A/H1N1 antibodies and TRIB2 autoantibodies in narcolepsy patients diagnosed in conjunction with the Pandemrix vaccination campaign in Sweden 2009-2010.

Narcolepsy is a lifelong sleep disorder related to hypocretin deficiency resulting from a specific loss of hypocretin-producing neurons in the lateral hypothalamic area. The disease is thought to be autoimmune due to a strong association with HLA-DQB1*06:02. In 2009 the World Health Organization (WHO) declared the H1N1 2009 flu pandemic (A/H1N1PDM09). In response to this, the Swedish vaccination campaign began in October of the same year, using the influenza vaccine Pandemrix(®). A few months later an excess of narcolepsy cases was observed. It is still unclear to what extent the vaccination campaign affected humoral autoimmunity associated with narcolepsy. We studied 47 patients with narcolepsy (6-69 years of age) and 80 healthy controls (3-61 years of age) selected after the Pandemrix vaccination campaign. The first aim was to determine antibodies against A/H1N1 and autoantibodies to Tribbles homolog 2 (TRIB2), a narcolepsy autoantigen candidate as well as to GAD65 and IA-2 as disease specificity controls. The second aim was to test if levels and frequencies of these antibodies and autoantibodies were associated with HLA-DQB1*06:02. In vitro transcribed and translated [(35)S]-methionine and -cysteine-labeled influenza A virus (A/California/04/2009/(H1N1)) segment 4 hemagglutinin was used to detect antibodies in a radiobinding assay.

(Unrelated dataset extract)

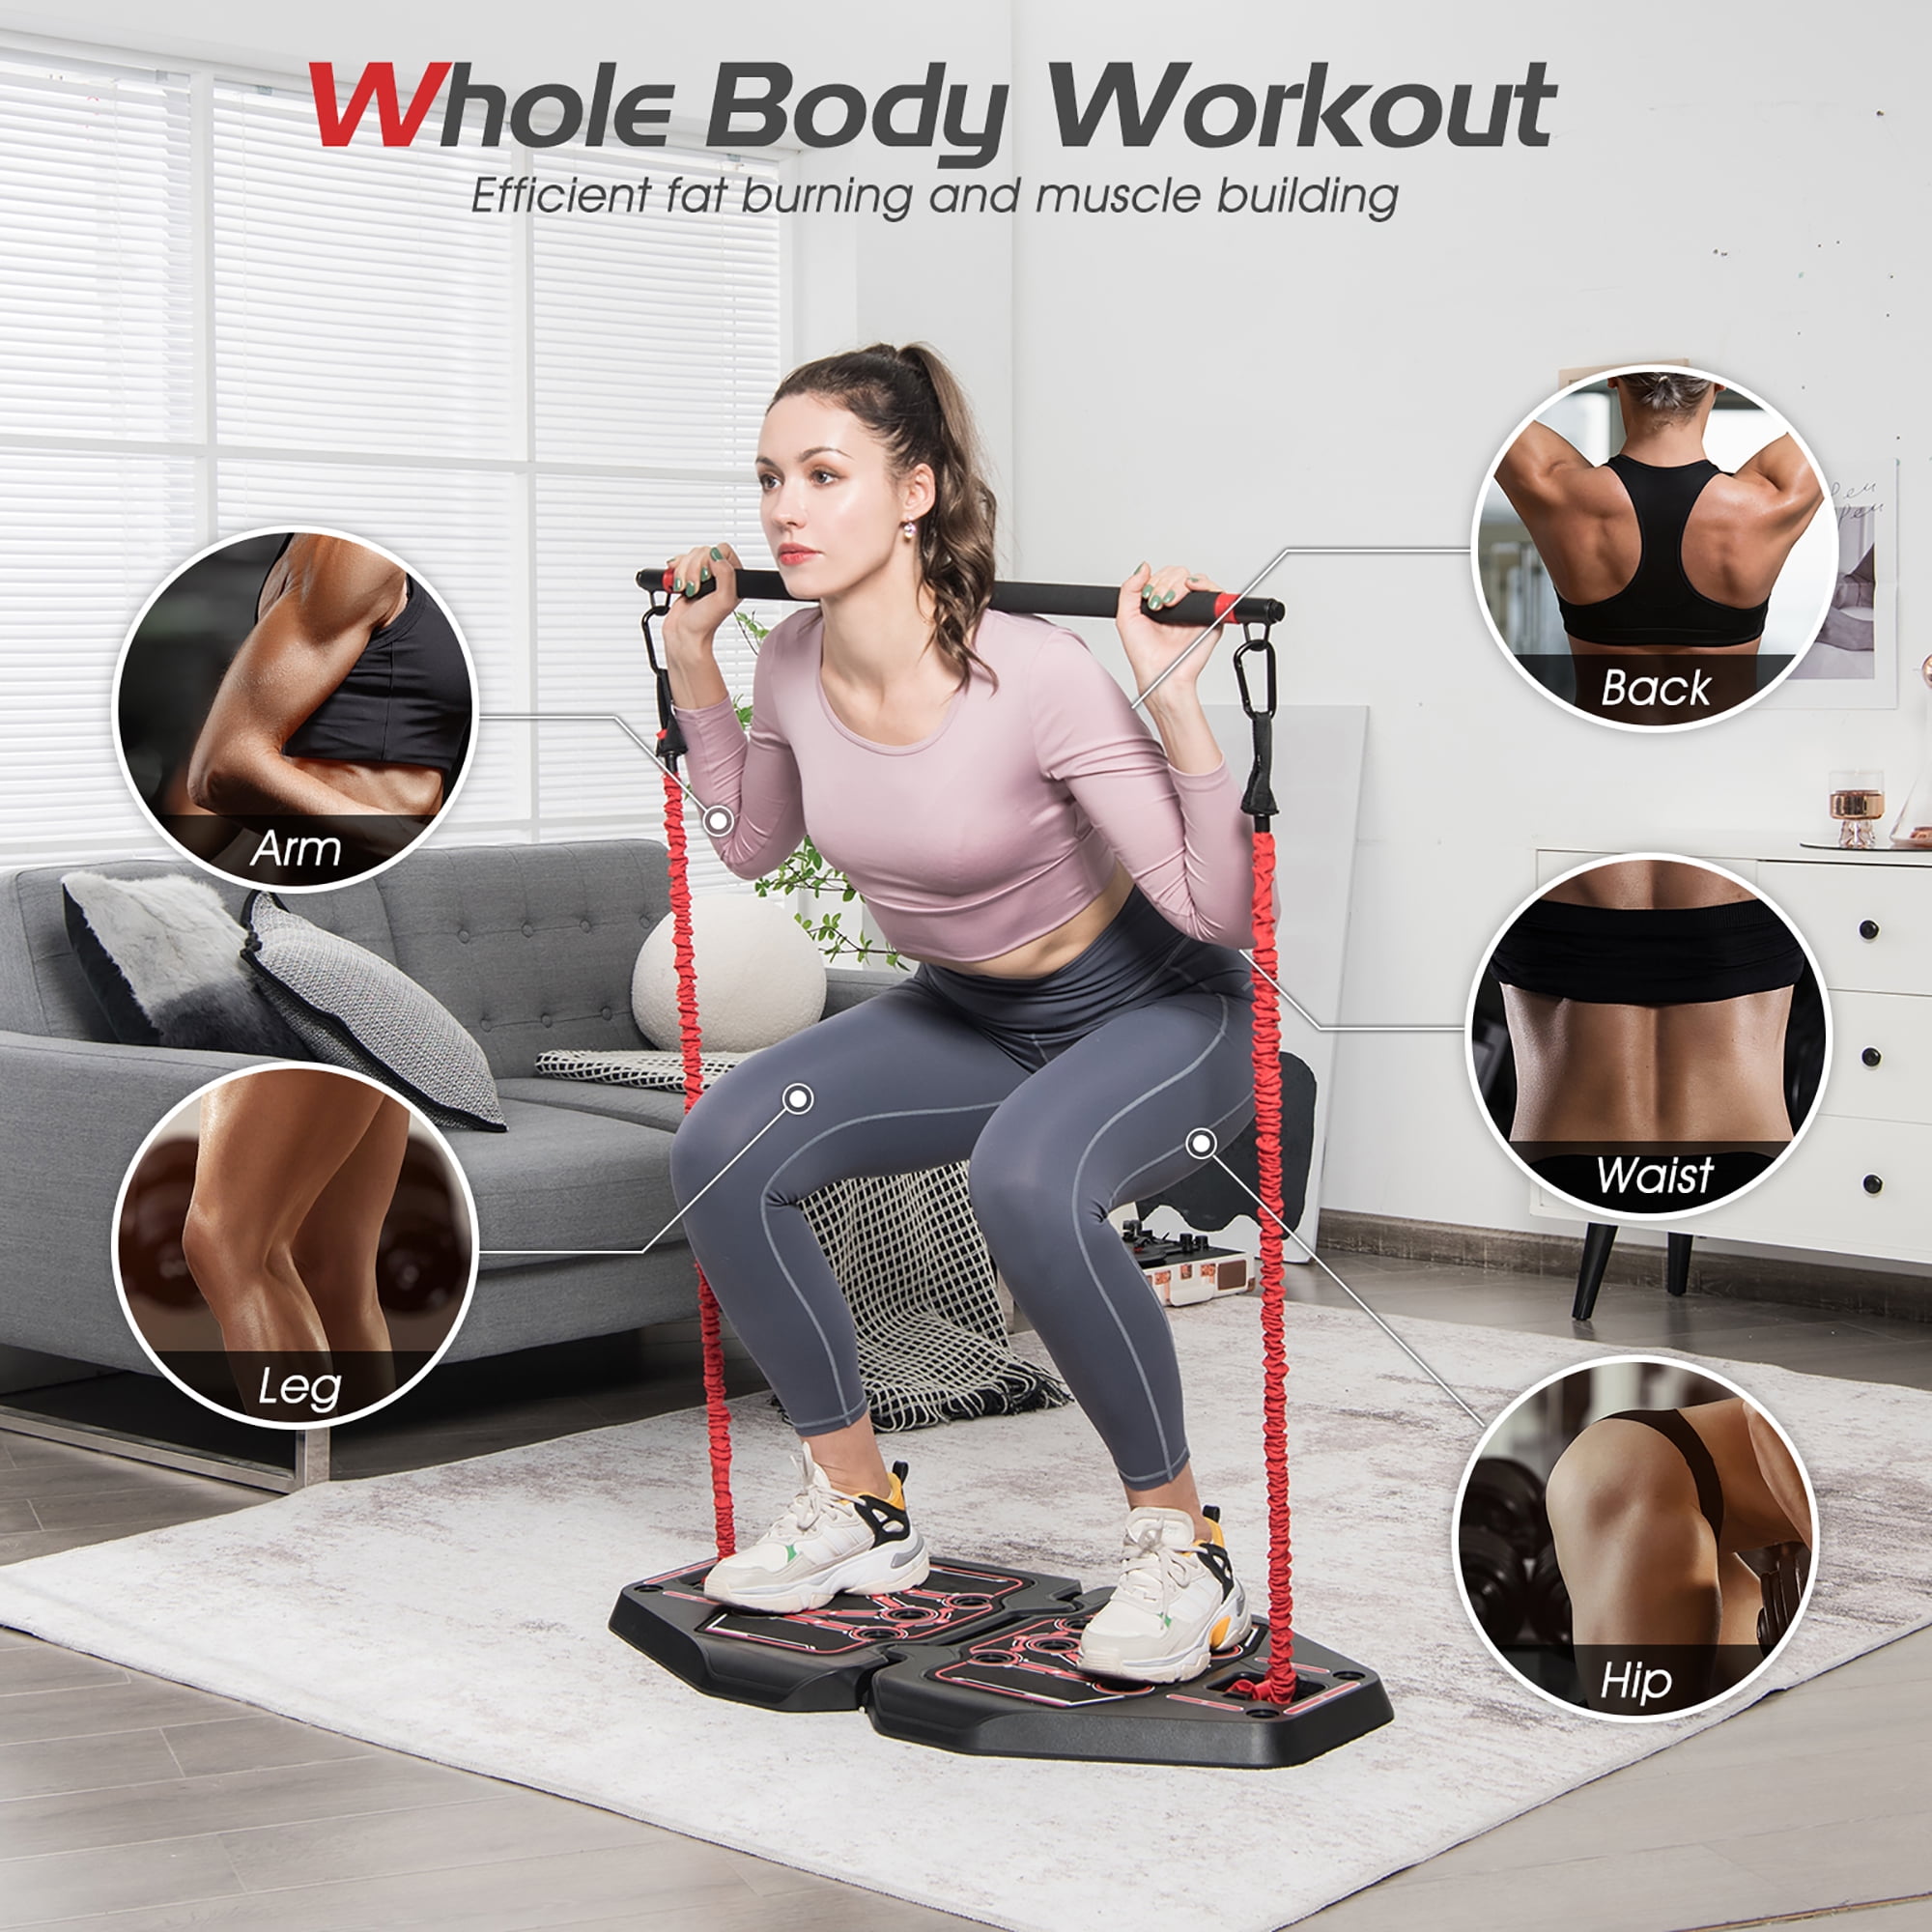  Home Workout Equipment for Women. Home Gym Equipment. Home  Exercise Equipment Women. Portable Workout Home. Total Body Workout. Travel  Gym. Crossfit Equipment. Home Fitness Equipment

Autoantibodies to TRIB2, GAD65 and IA-2 were similarly detected in standard radiobinding assays. The narcolepsy patients had higher median levels of A/H1N1 antibodies than the controls (p = 0.006). A/H1N1 antibody levels were higher among the <13 years old (n = 12) compared to patients who were older than 30 years (n = 12, p = 0.014). Being HLA-DQB1*06:02 positive was associated with higher A/H1N1 antibody levels in both patients and controls (p = 0.026). Serum autoantibody levels to TRIB2 were low overall and high binders did not differ between patients and controls. We observed an association between levels of A/H1N1 antibodies and TRIB2 autoantibody levels particularly among the youngest narcolepsy patients (r = 0.819, p < 0.001). In conclusion, following the 2009 influenza pandemic vaccination, A/H1N1 antibody levels were associated with young age-at-onset narcolepsy patients positive for HLA-DQB1*06:02. The possibility that TRIB2 is an autoantigen in narcolepsy remains to be clarified. We could verify autoantibody responses against TRIB2 which needs to be determined in larger patient cohorts and control populations.